November 28, 2024 16:11 GMT
CHILE: Santander Expects BCCh Rate Cuts To Continue At More Gradual Pace
CHILE
- Following the upside surprise to October CPI, Santander sees inflation closing this year at 4.7%. Cost factors, such as the increase in electricity tariffs, will continue to impact inflation in the short term. However, in the medium term, they still expect a rapid convergence to the inflation target. Incorporating the higher FX rate, fuels and indexation, they see inflation close to 5% in Q1, before it declines as the increases in electricity rates appear in the comparison base.
- Santander expects BCCh rate cuts to continue, but more gradually.
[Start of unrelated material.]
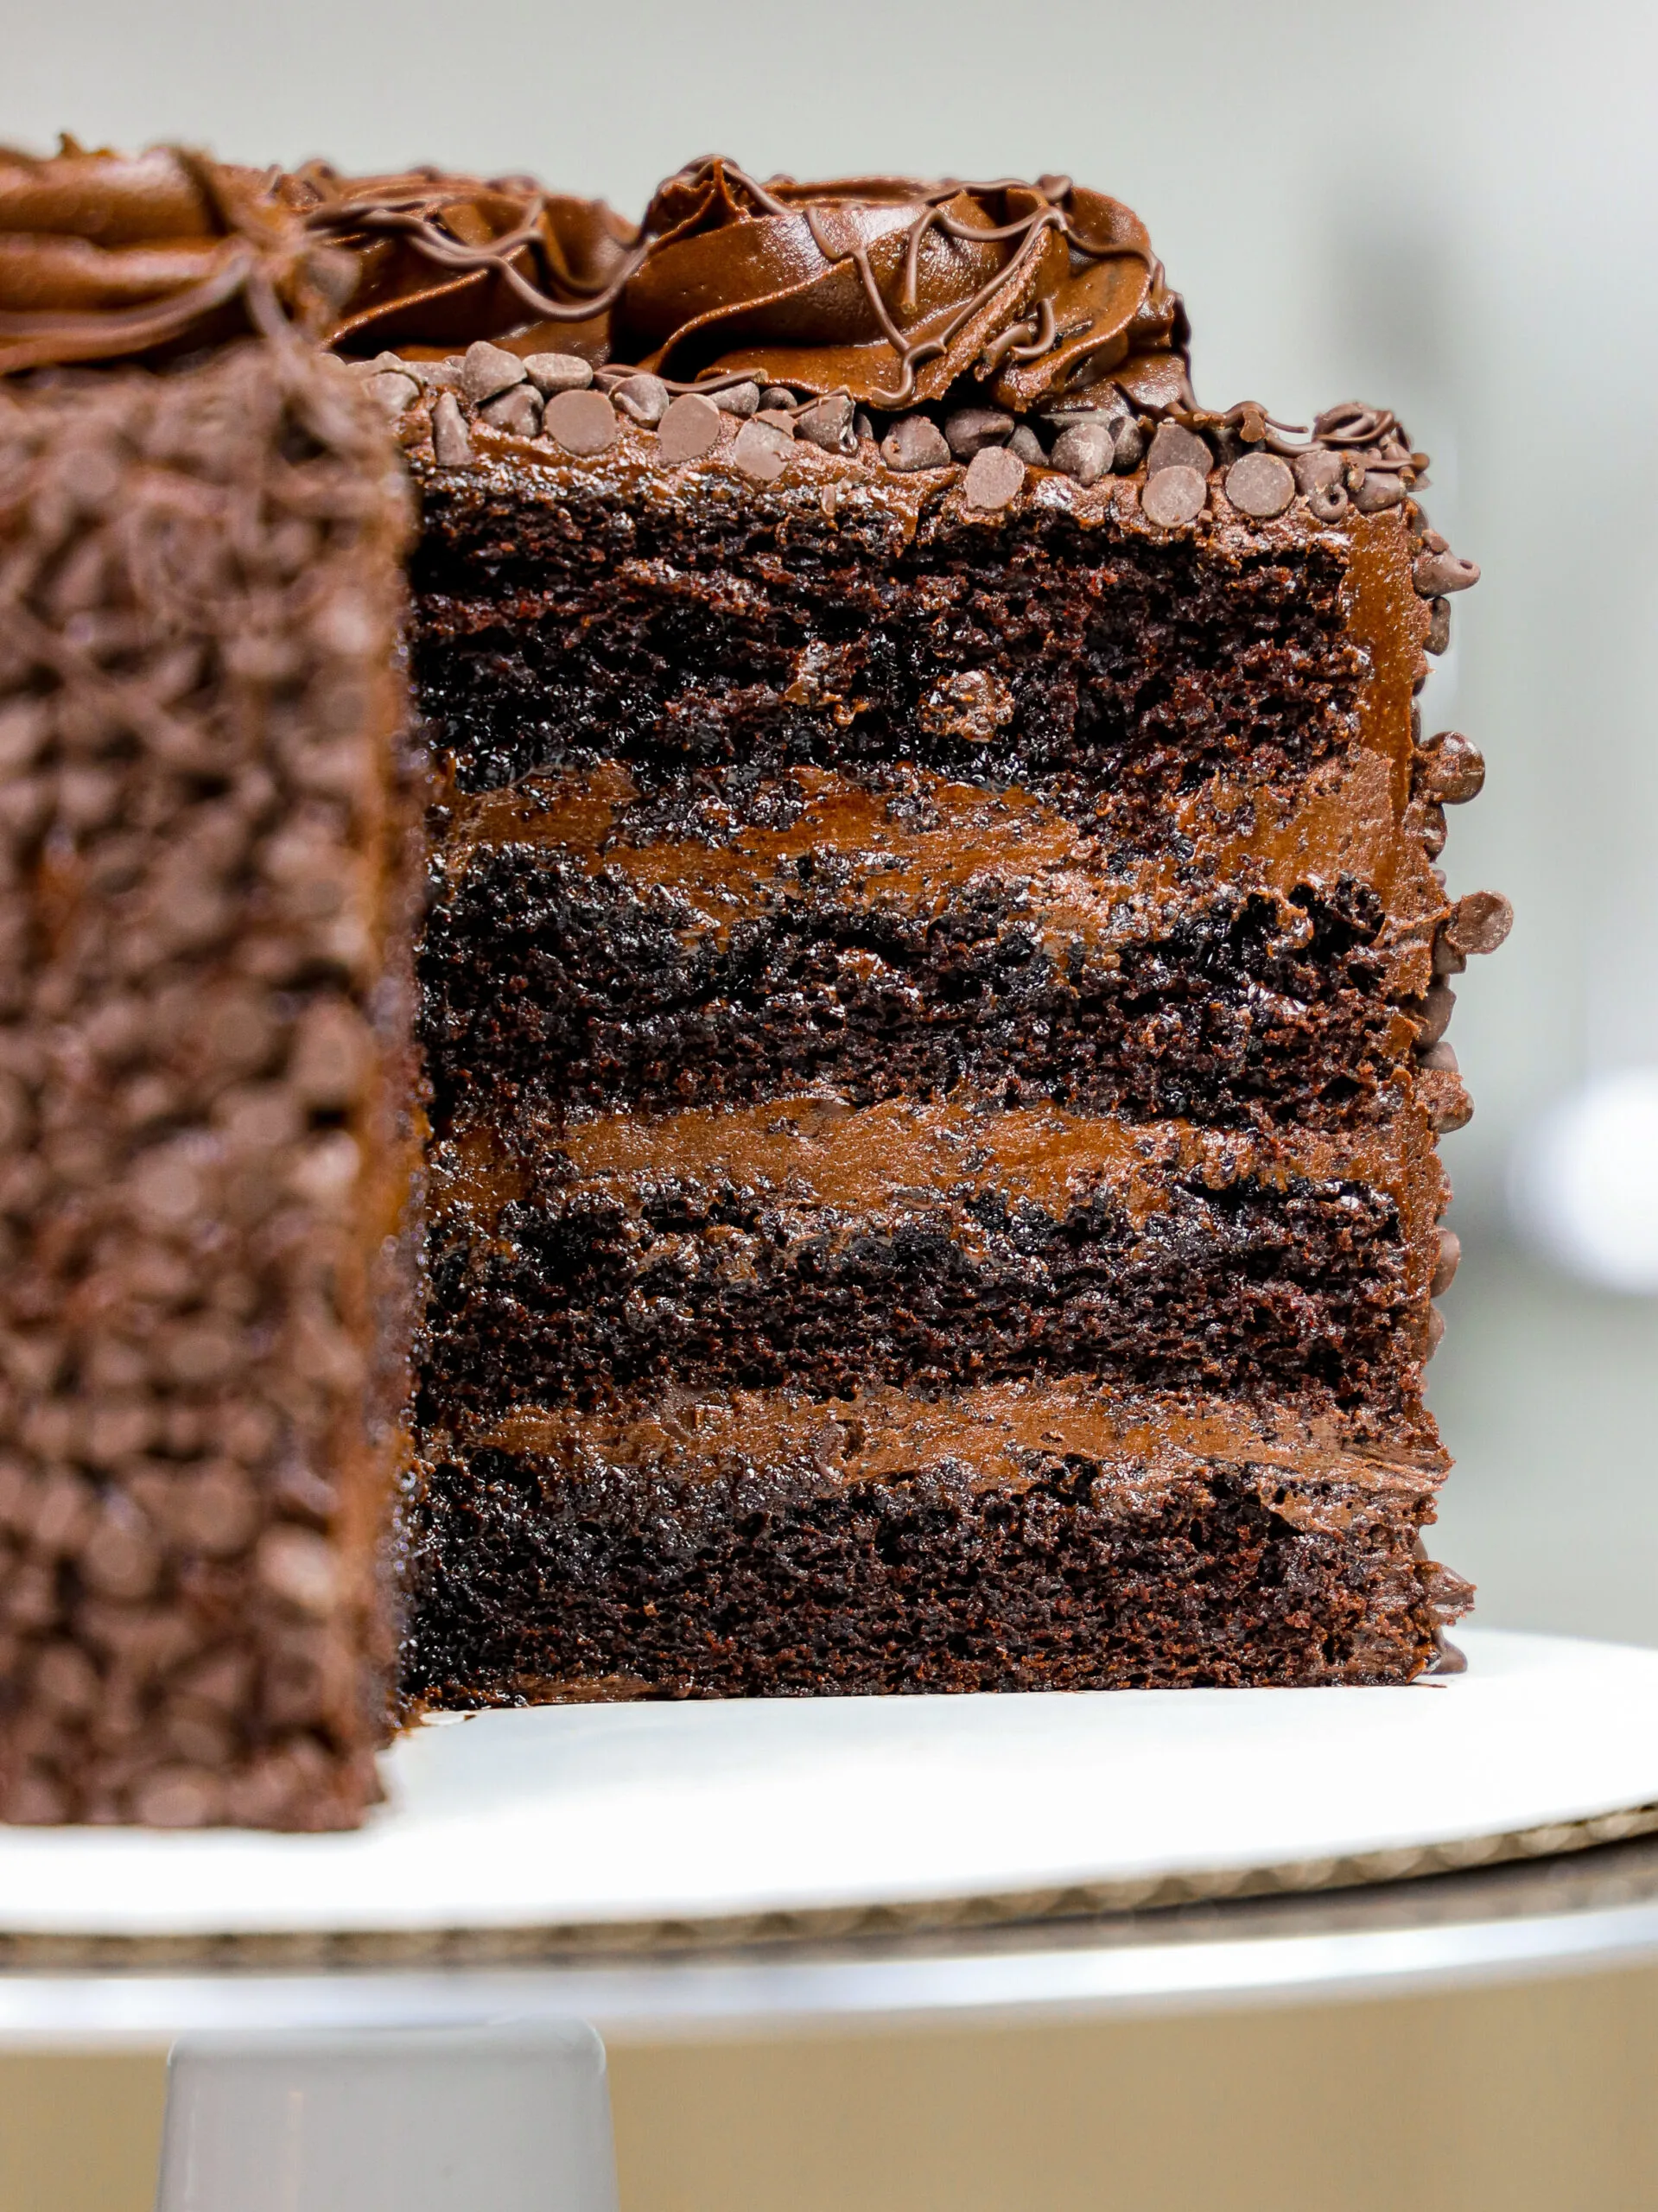 Ruth Reichl's Giant Chocolate Cake Recipe - NYT Cooking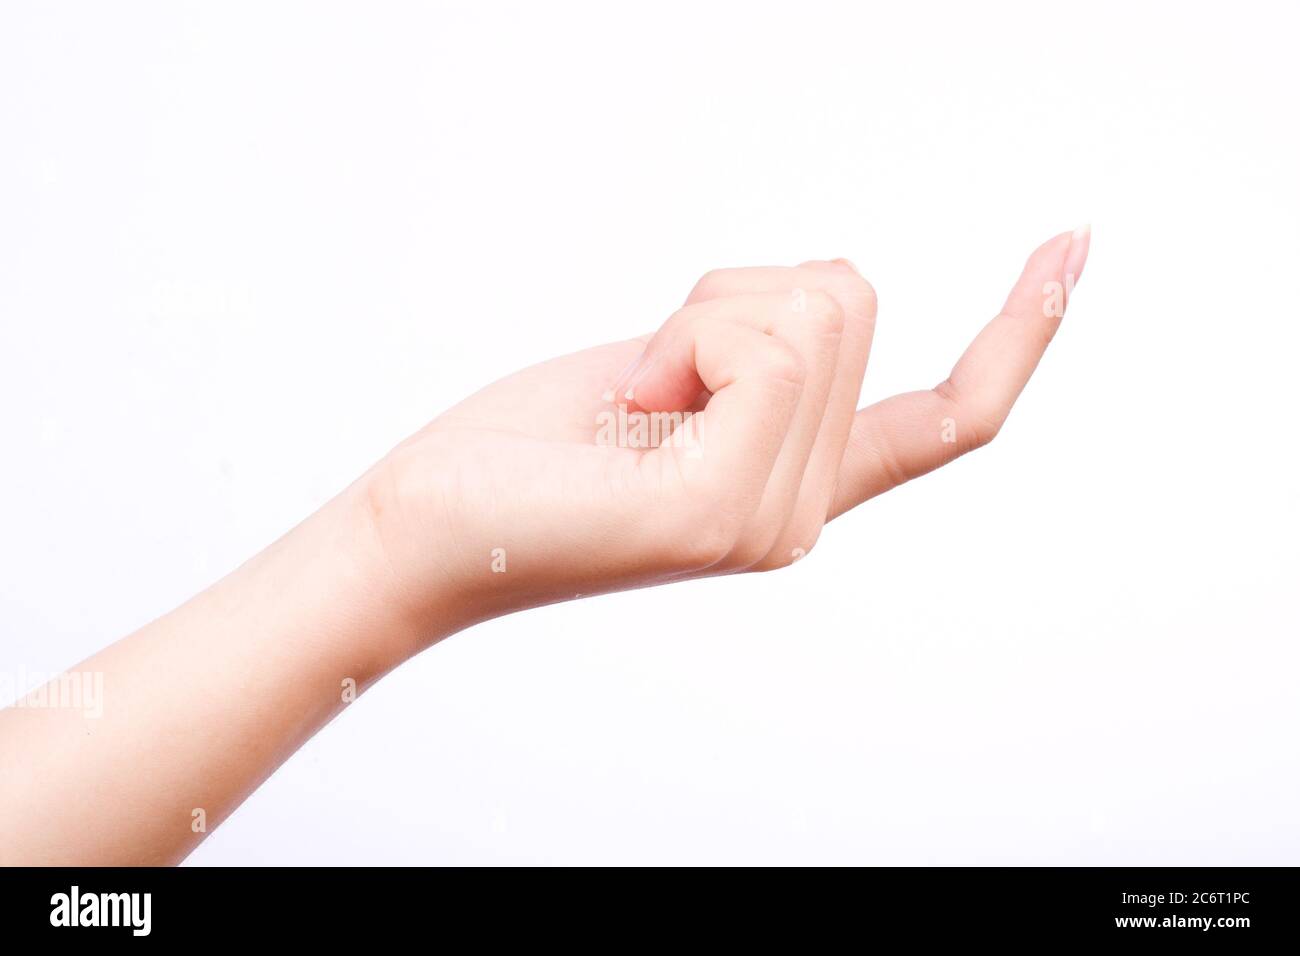 finger hand symbols isolated come here follow me or beckoning the finger on the white background Stock Photo

Macroeconomic developments remain within expectations from the last IPoM, but factors such as the strength of the dollar and uncertainty over US policies could slow the easing cycle. Santander anticipates a further 25bp cut to 5.0% in December, followed by a pause in January, before another cut in March. Overall, they now forecast 75bp in rate cuts next year, to 4.25% by year-end, even though the market is more sceptical about reaching those levels.
- Meanwhile, the fiscal deficit is expected to close between 2.5% and 3% of GDP this year, but unprecedented cuts in the 2025 Budget provide better prospects for next year. Santander anticipates that the fiscal deficit will narrow 2.0% of GDP in 2025, with gross debt reaching 42.5% of GDP, still below the prudent level of 45%.